Most document converters produce messy output — broken tables, lost formatting, garbled non-English text. **libmumd** is different:

- **Persian & Arabic first-class support** — Correctly handles RTL text, Persian typography, and Arabic script
- **Better than markitdown alone** — Uses PyMuPDF's layout engine for cleaner, more accurate conversion
- **Multi-language support** — Handles Persian, Arabic, Chinese, Japanese, Korean, and European languages
- **Table detection** — Automatically converts complex tables to Markdown format
- **Figure & image handling** — Extracts and references images properly
- **Layout-aware** — Preserves reading order, headers, and document structure
- **No GPU required** — Runs on any machine with Python

## Features

| Feature | Description |
|---------|-------------|
| **PDF → Markdown** | High-quality extraction with layout preservation |
| **Office → Markdown** | Convert `.docx`, `.pptx`, `.xlsx`, and more via LibreOffice |
| **Smart table parsing** | Complex tables become clean Markdown tables |
| **Image extraction** | Embedded images are saved and referenced |
| **Header detection** | Font sizes map to `#` heading levels automatically |
| **Inline formatting** | Preserves **bold**, *italic*, and `code` |
| **Multi-column layouts** | Reconstructs natural reading order |
| **OCR fallback** | Handles scanned documents when text layer is missing |

## Installation

```bash
pip install libmumd
```

Or install from GitHub:

```bash
pip install git+https://github.com/erfan-ashtari/libmumd.git
```

## Quick Start

### Command Line

```bash
# Convert PDF to Markdown
libmumd document.pdf

# Convert Office document
libmumd report.docx output.md
```

### Python

```python
from libmumd import convert_file

# Basic usage
result = convert_file("document.pdf")
print(result)
# {'status': 'ok', 'chars': 4523, 'output': 'document.md'}

# Custom output path
result = convert_file("presentation.pptx", "slides.md")
```

## Supported Formats

| Format | Extensions | Conversion Method |
|--------|------------|-------------------|
| PDF | `.pdf` | PyMuPDF (native) |
| Word | `.docx`, `.doc` | LibreOffice |
| PowerPoint | `.pptx`, `.ppt` | LibreOffice |
| Excel | `.xlsx`, `.xls` | LibreOffice |
| OpenDocument | `.odt`, `.odp`, `.ods` | LibreOffice |
| Rich Text | `.rtf` | LibreOffice |
| Other | Any | markitdown fallback |

## Requirements

### Python Packages (Auto-installed)

- `pymupdf4llm` — PDF extraction engine
- `markitdown` — Fallback converter

### LibreOffice (Required for Office Files)

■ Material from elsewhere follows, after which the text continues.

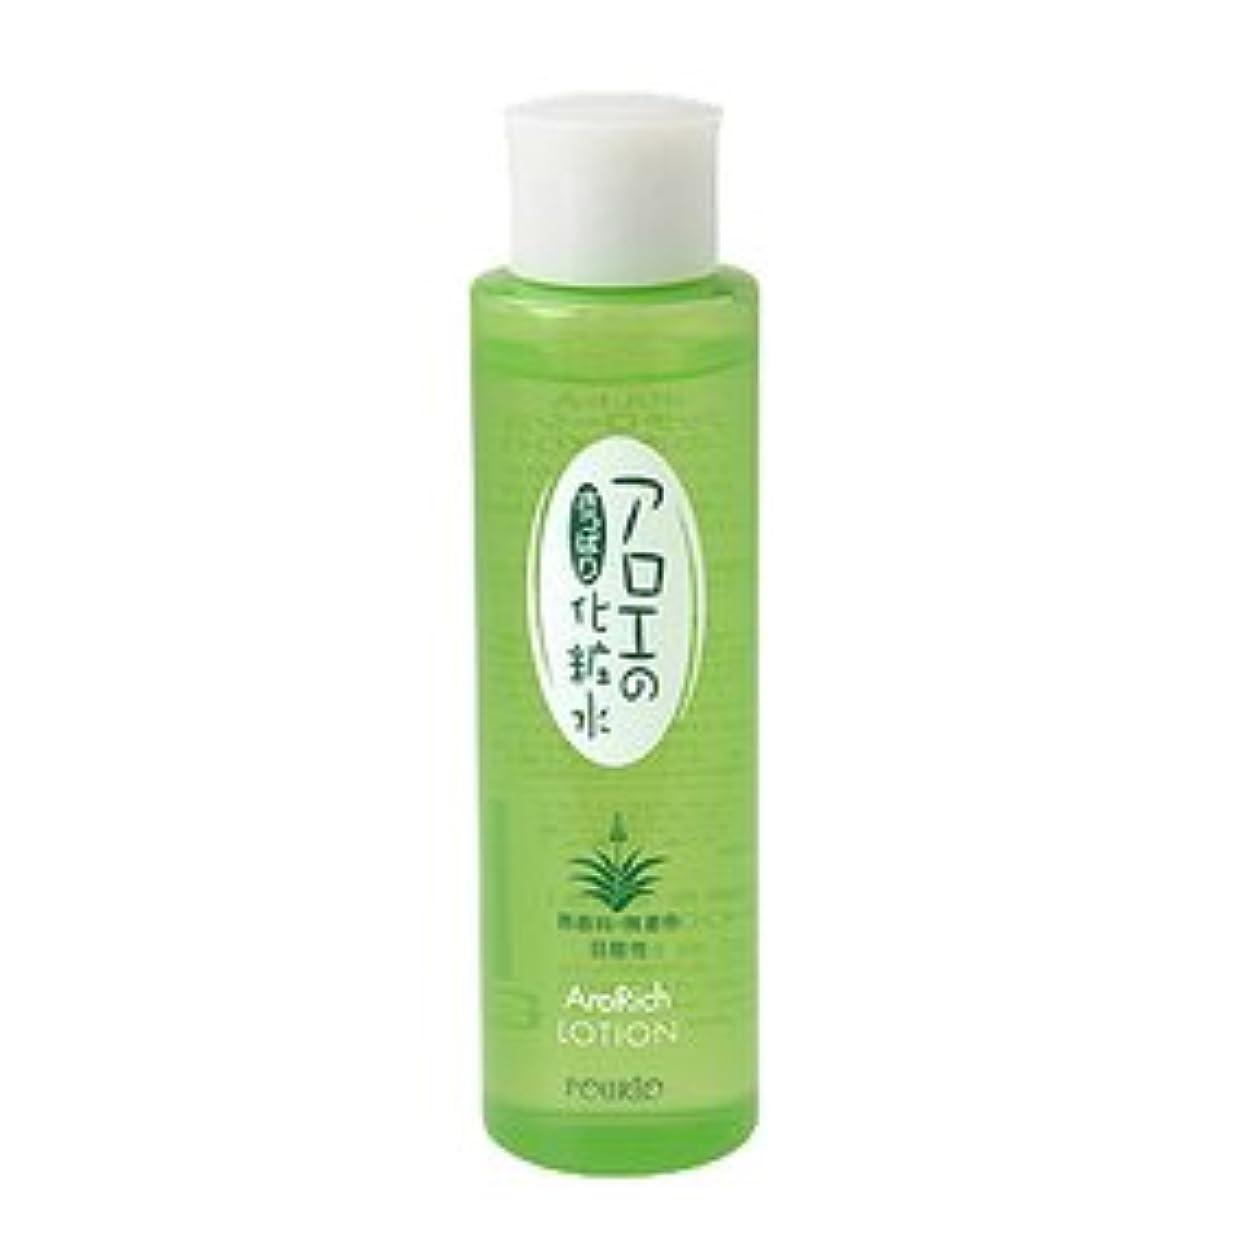 全能毛細血管適用済みポルトA さっぱりタイプの化粧水 アローリッチローション600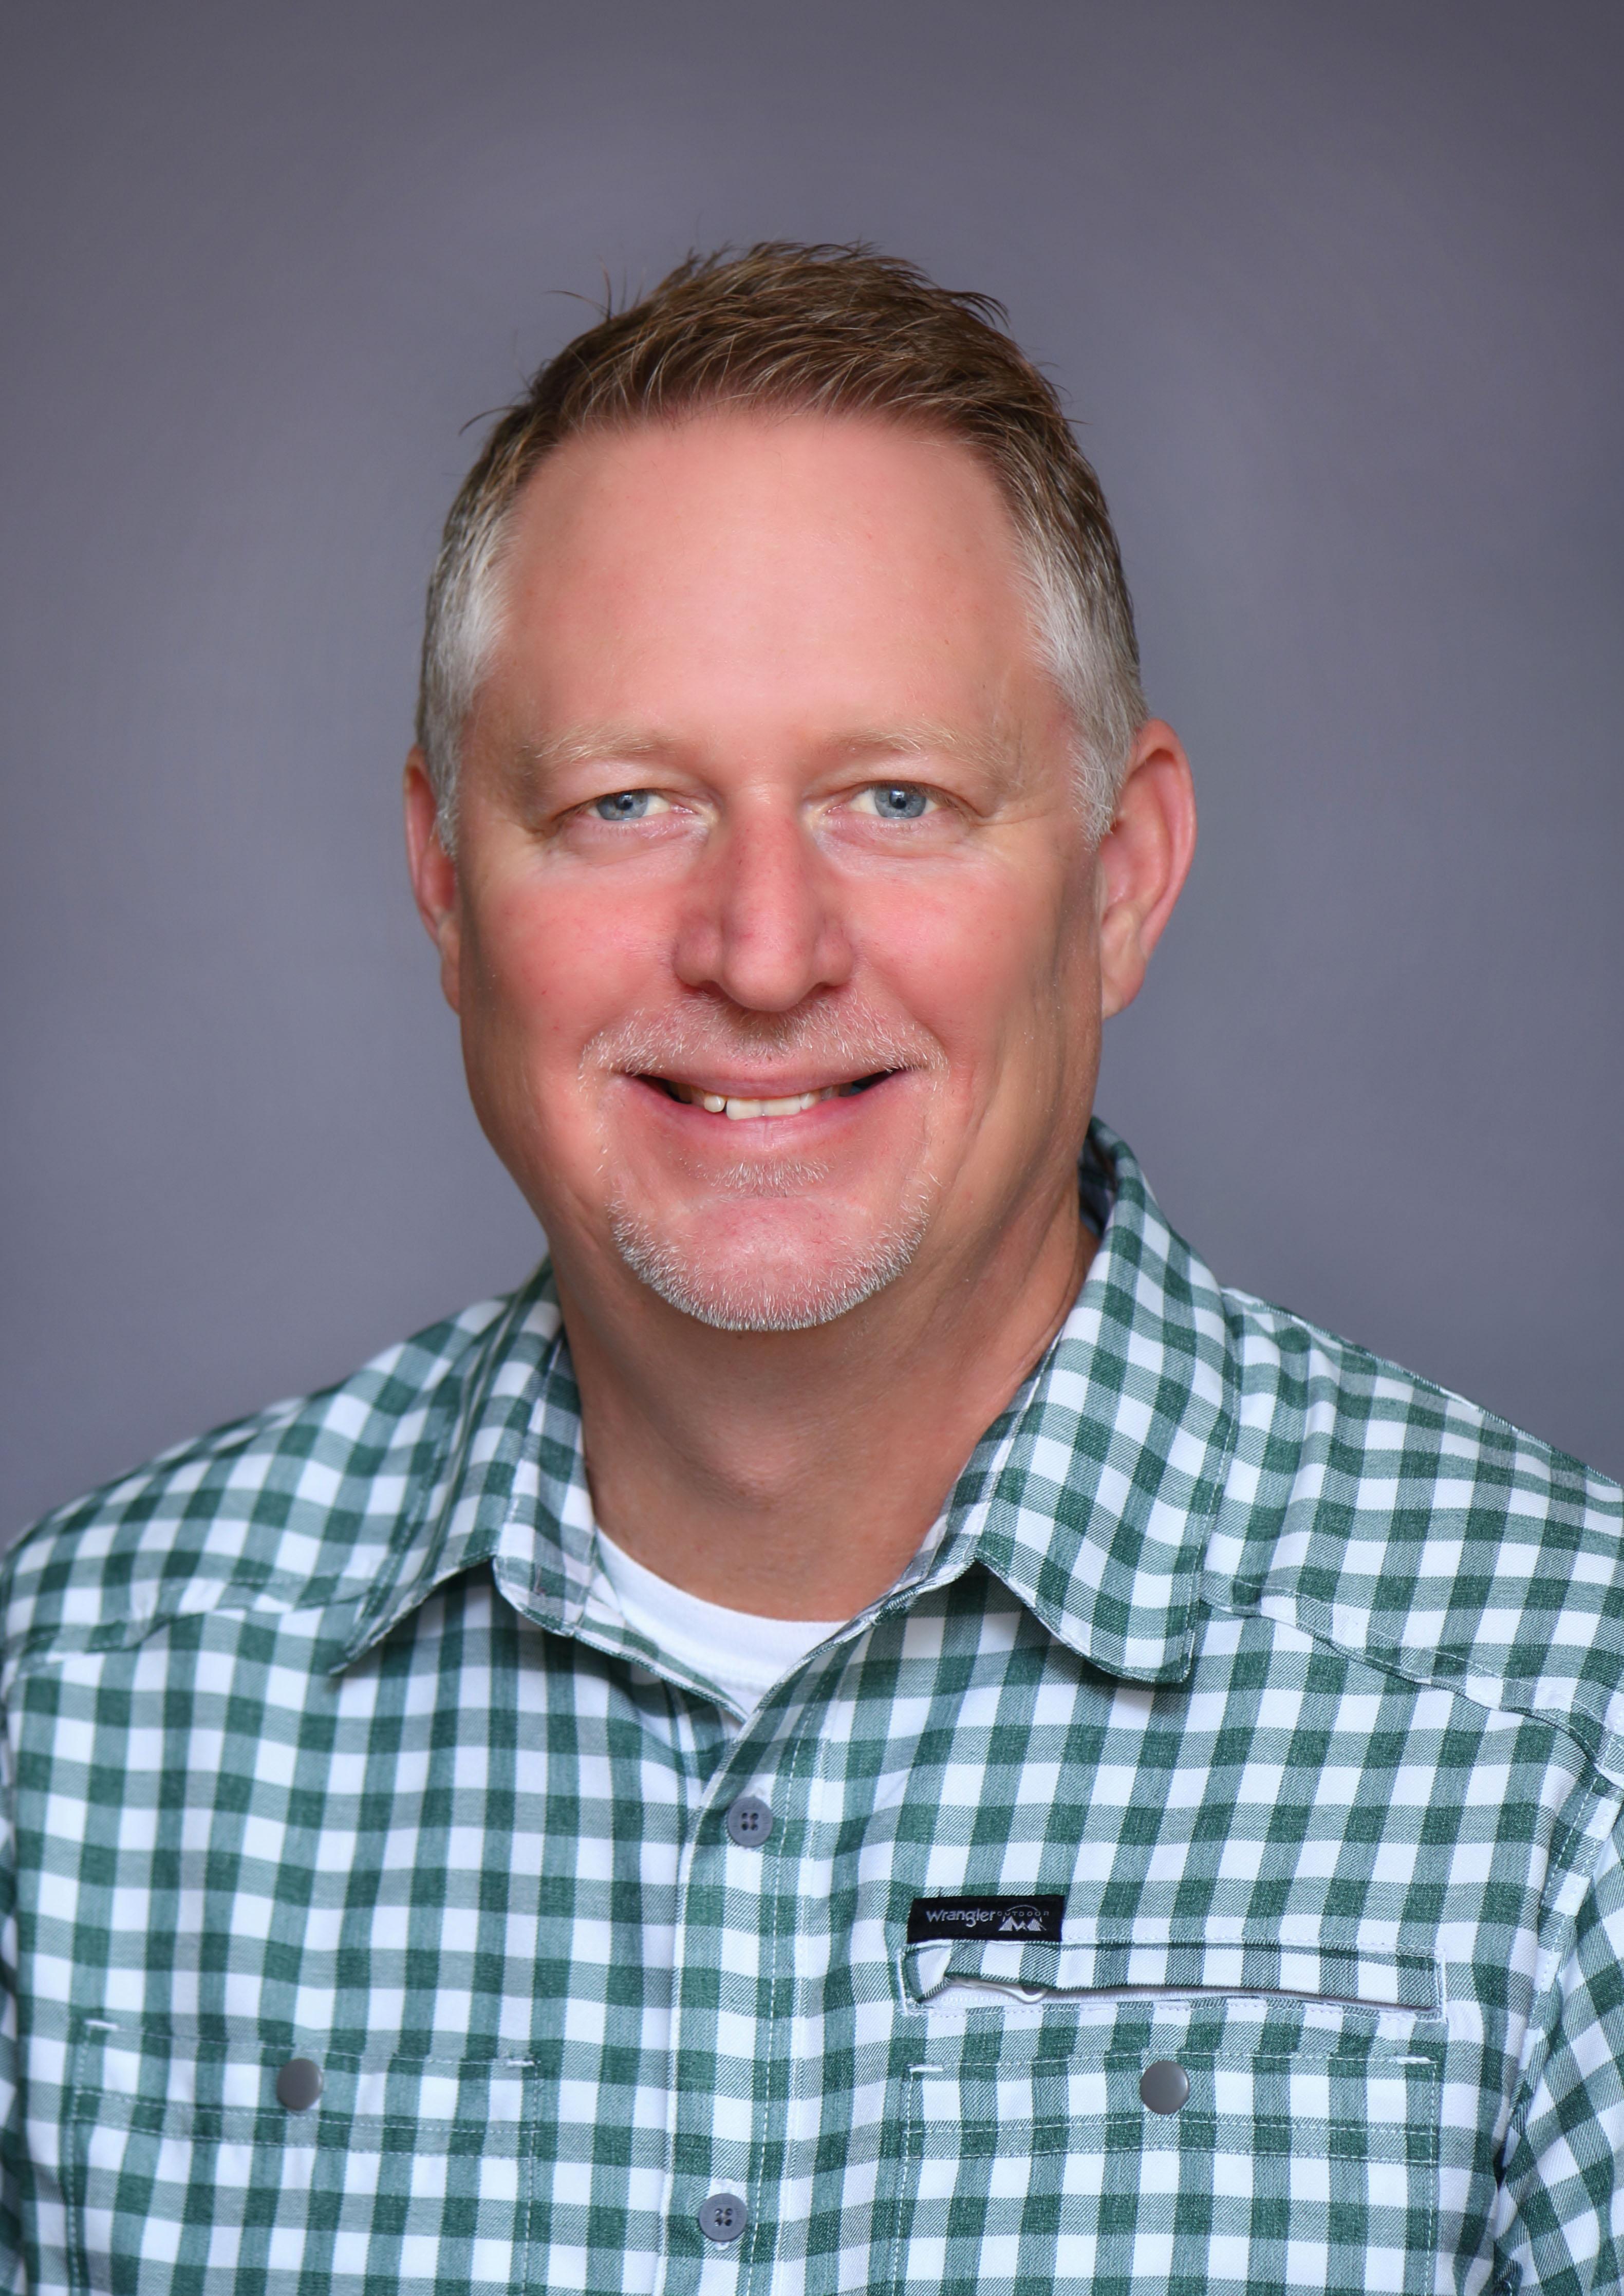 Greg Shelburne

LibreOffice is needed to convert Word, PowerPoint, and Excel files.

| OS | Installation |
|----|--------------|
| **Windows** | `winget install --id TheDocumentFoundation.LibreOffice` |
| **macOS** | `brew install --cask libreoffice` |
| **Linux** | `sudo apt-get install libreoffice` |

Or download from [libreoffice.org](https://www.libreoffice.org/).

> **Note:** PDF conversion works without LibreOffice. Only Office document conversion requires it.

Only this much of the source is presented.